* **Source material**
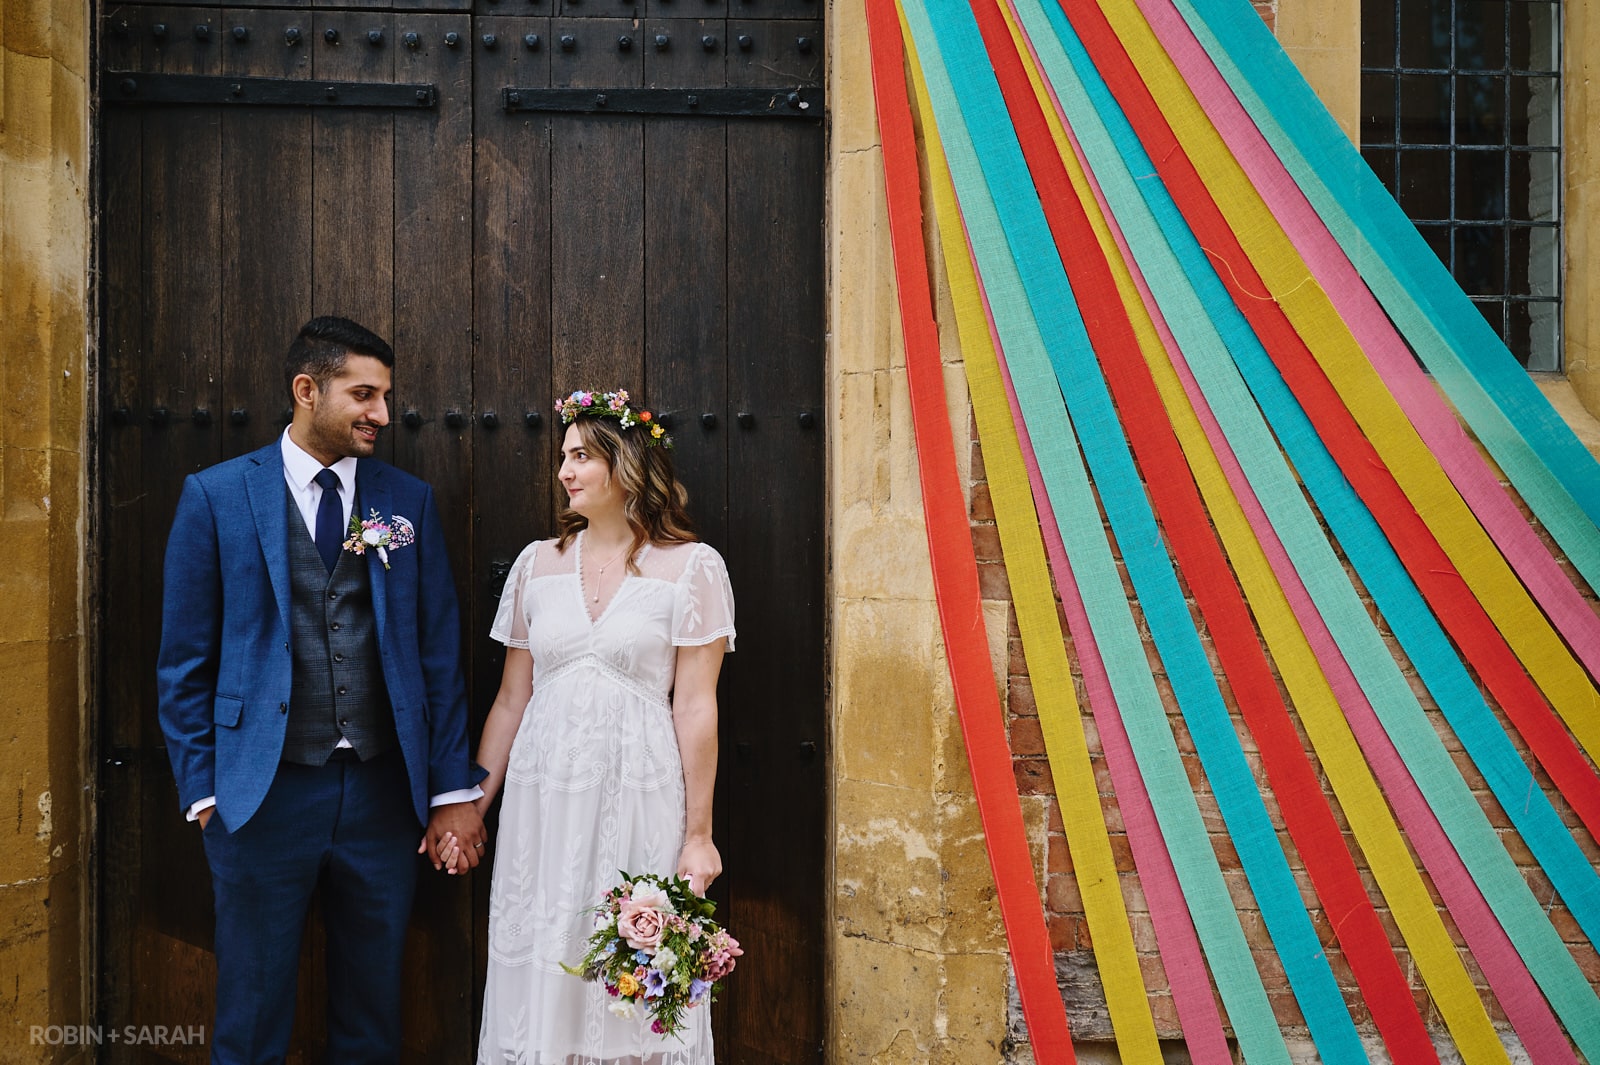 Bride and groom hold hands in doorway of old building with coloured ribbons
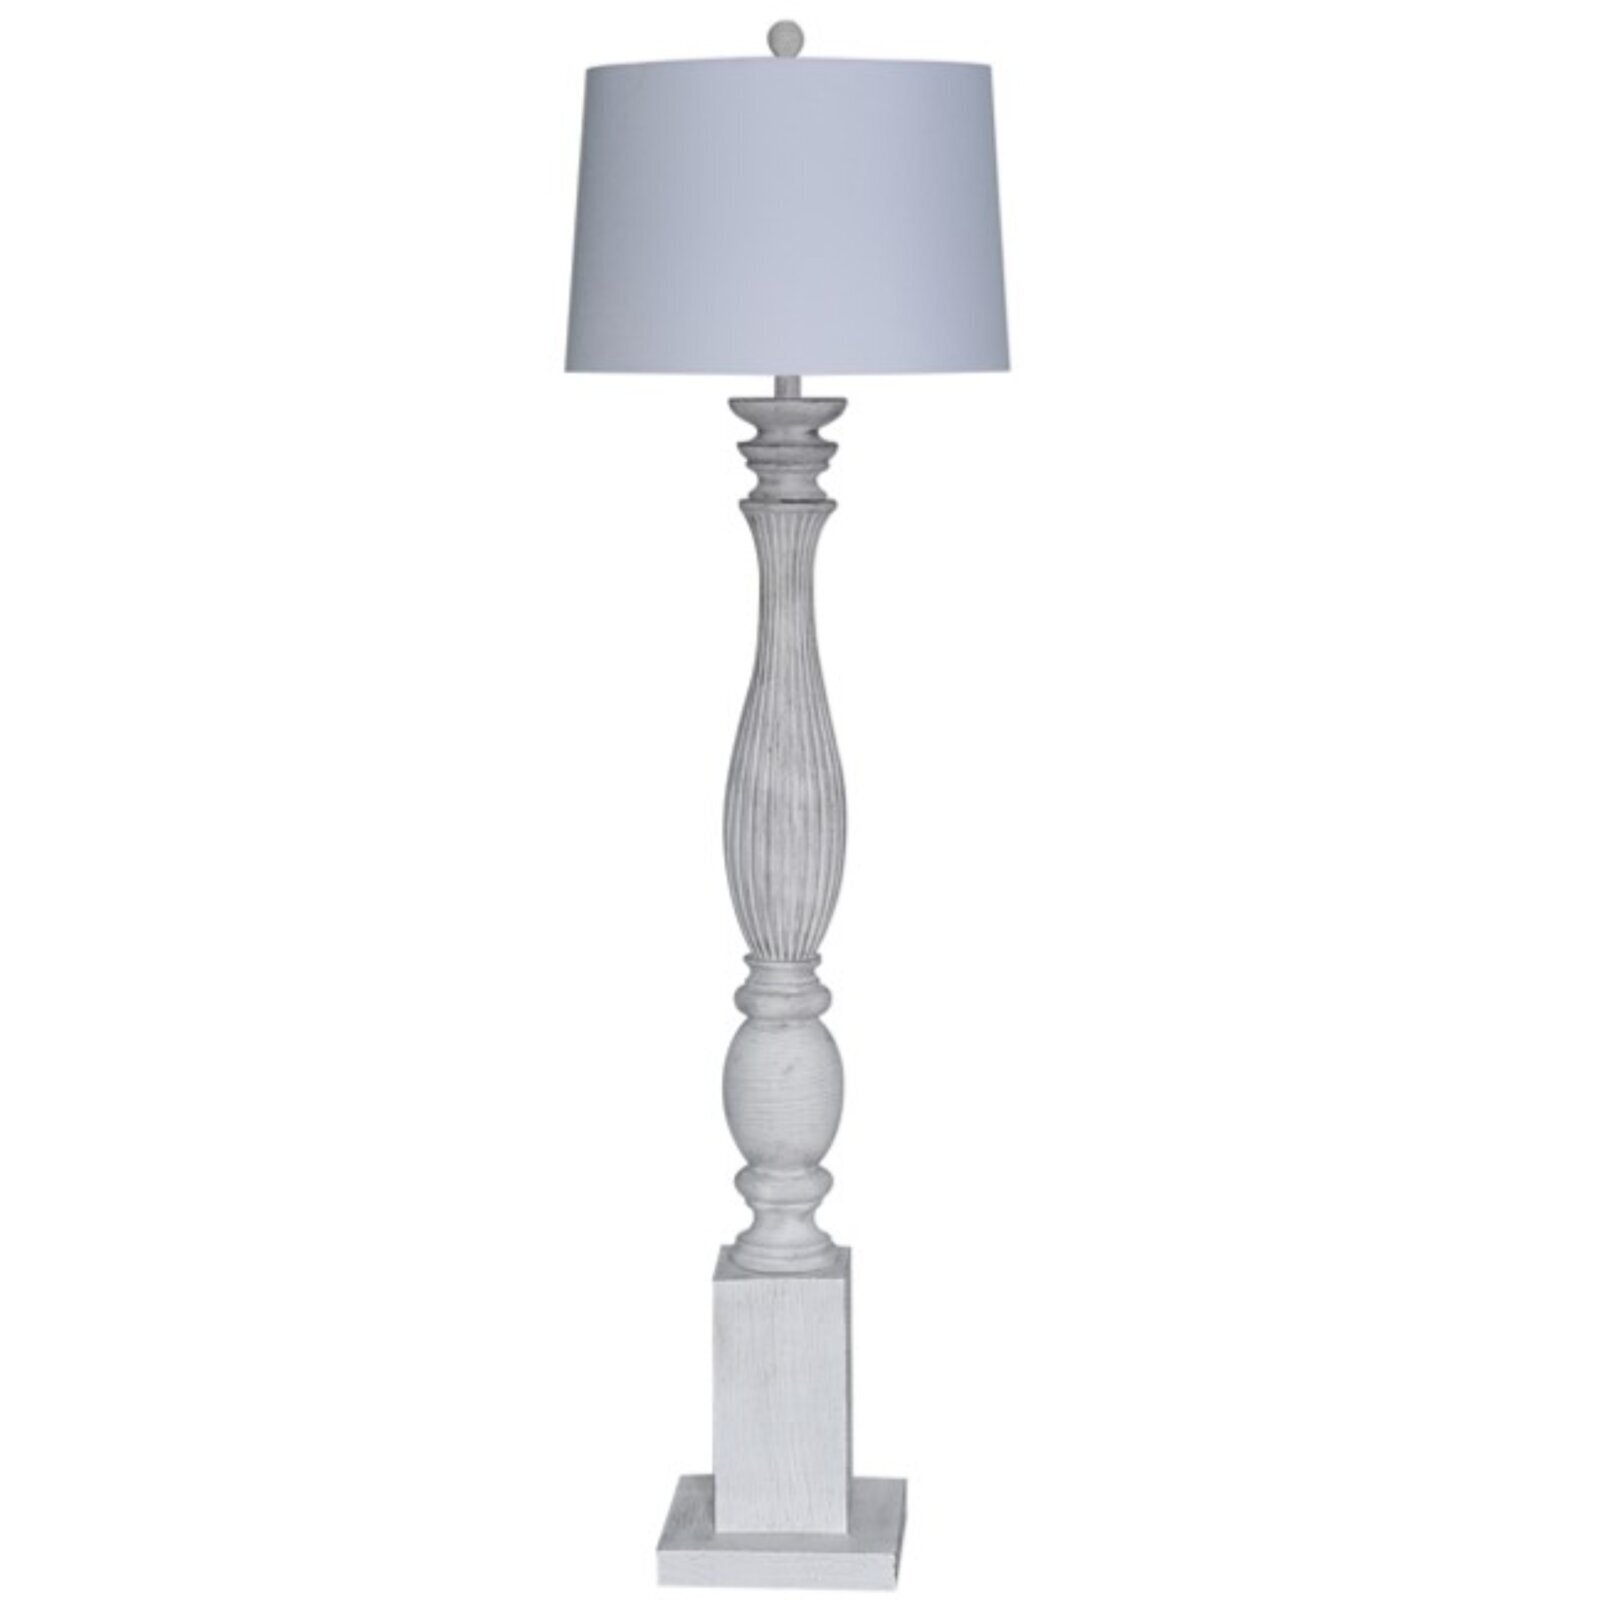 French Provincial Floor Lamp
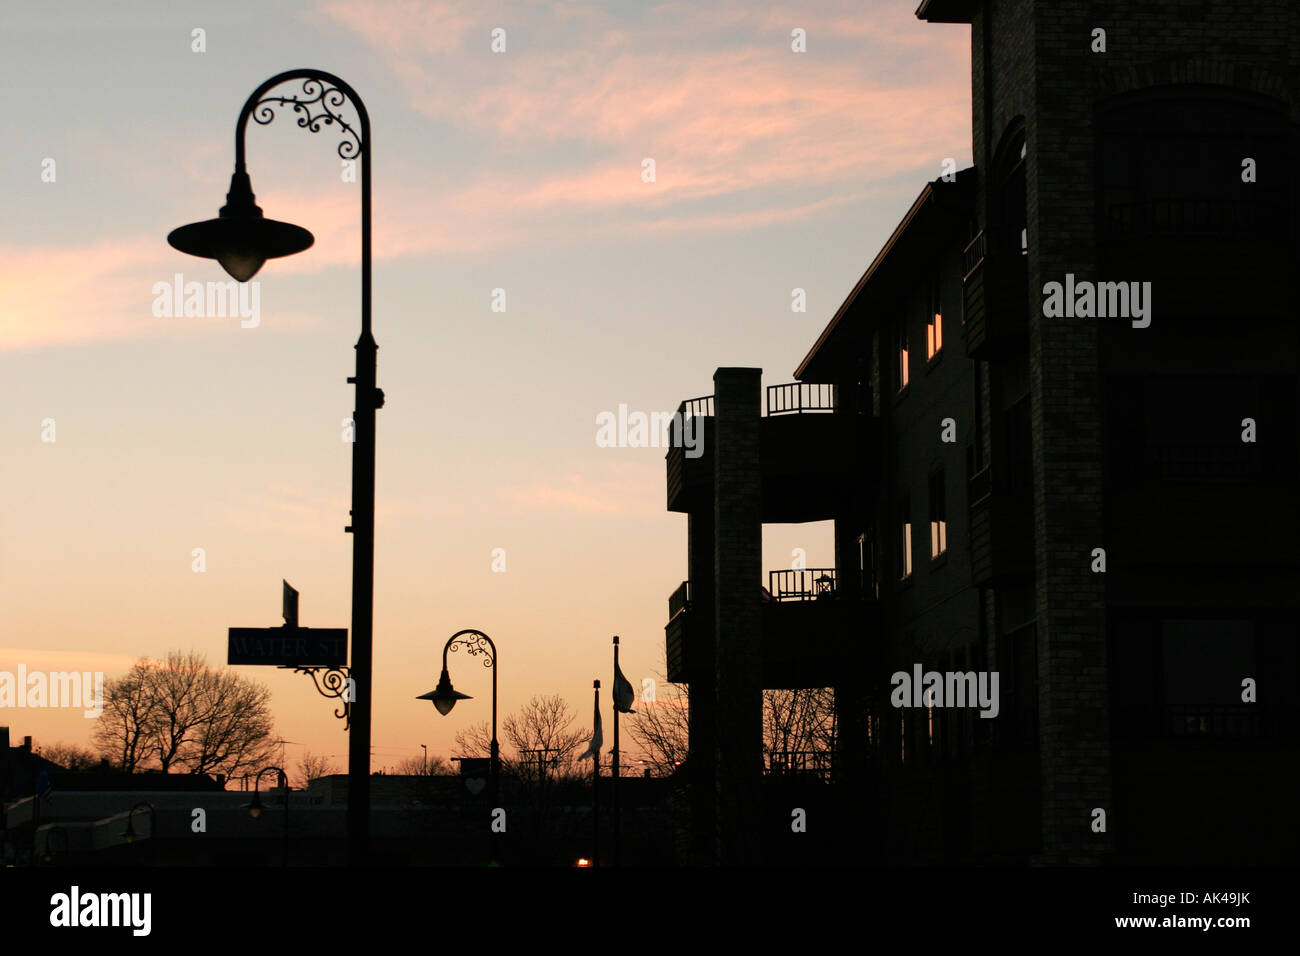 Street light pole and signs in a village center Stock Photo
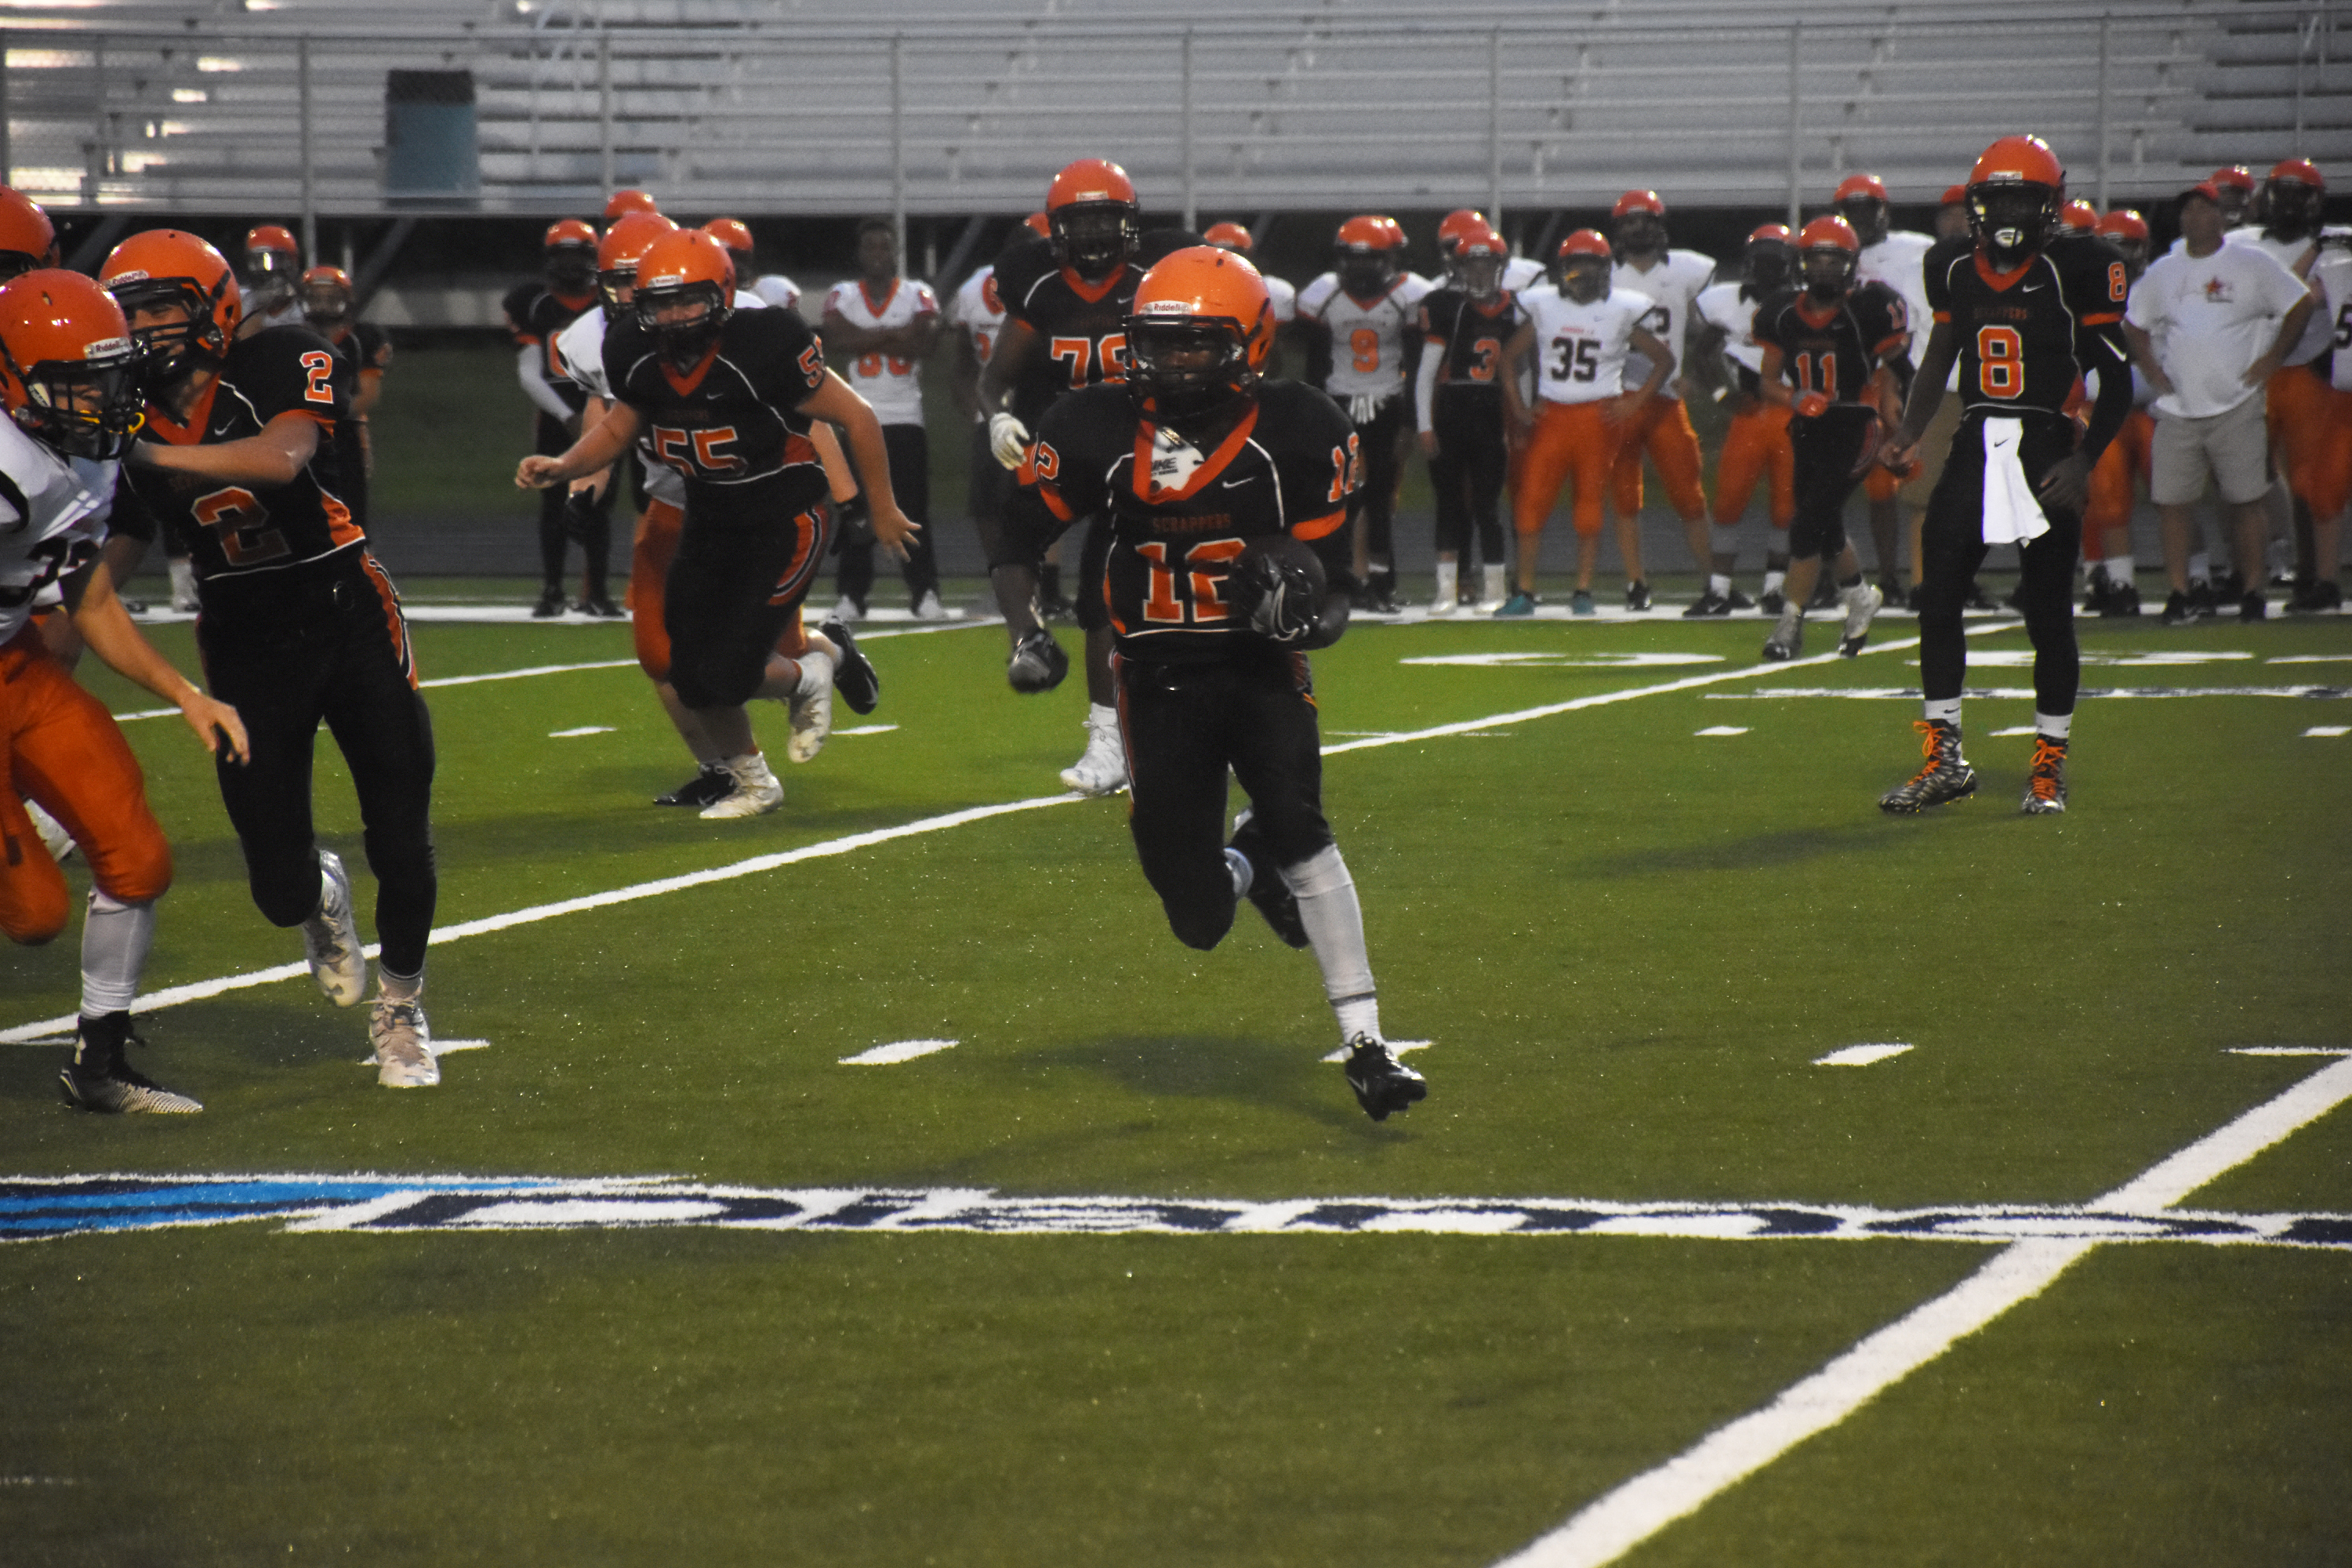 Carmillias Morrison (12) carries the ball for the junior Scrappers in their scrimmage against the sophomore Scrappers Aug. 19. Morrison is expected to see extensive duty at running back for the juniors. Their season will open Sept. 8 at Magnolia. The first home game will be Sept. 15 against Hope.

* **About this task**
Print each line above exactly as it appears, excluding all images.

* **Answer section**
 Bride and groom hold hands in doorway of old building with coloured ribbons
 French Provincial Floor Lamp
 Street light pole and signs in a village center Stock Photo
 Carmillias Morrison (12) carries the ball for the junior Scrappers in their scrimmage against the sophomore Scrappers Aug. 19. Morrison is expected to see extensive duty at running back for the juniors. Their season will open Sept. 8 at Magnolia. The first home game will be Sept. 15 against Hope.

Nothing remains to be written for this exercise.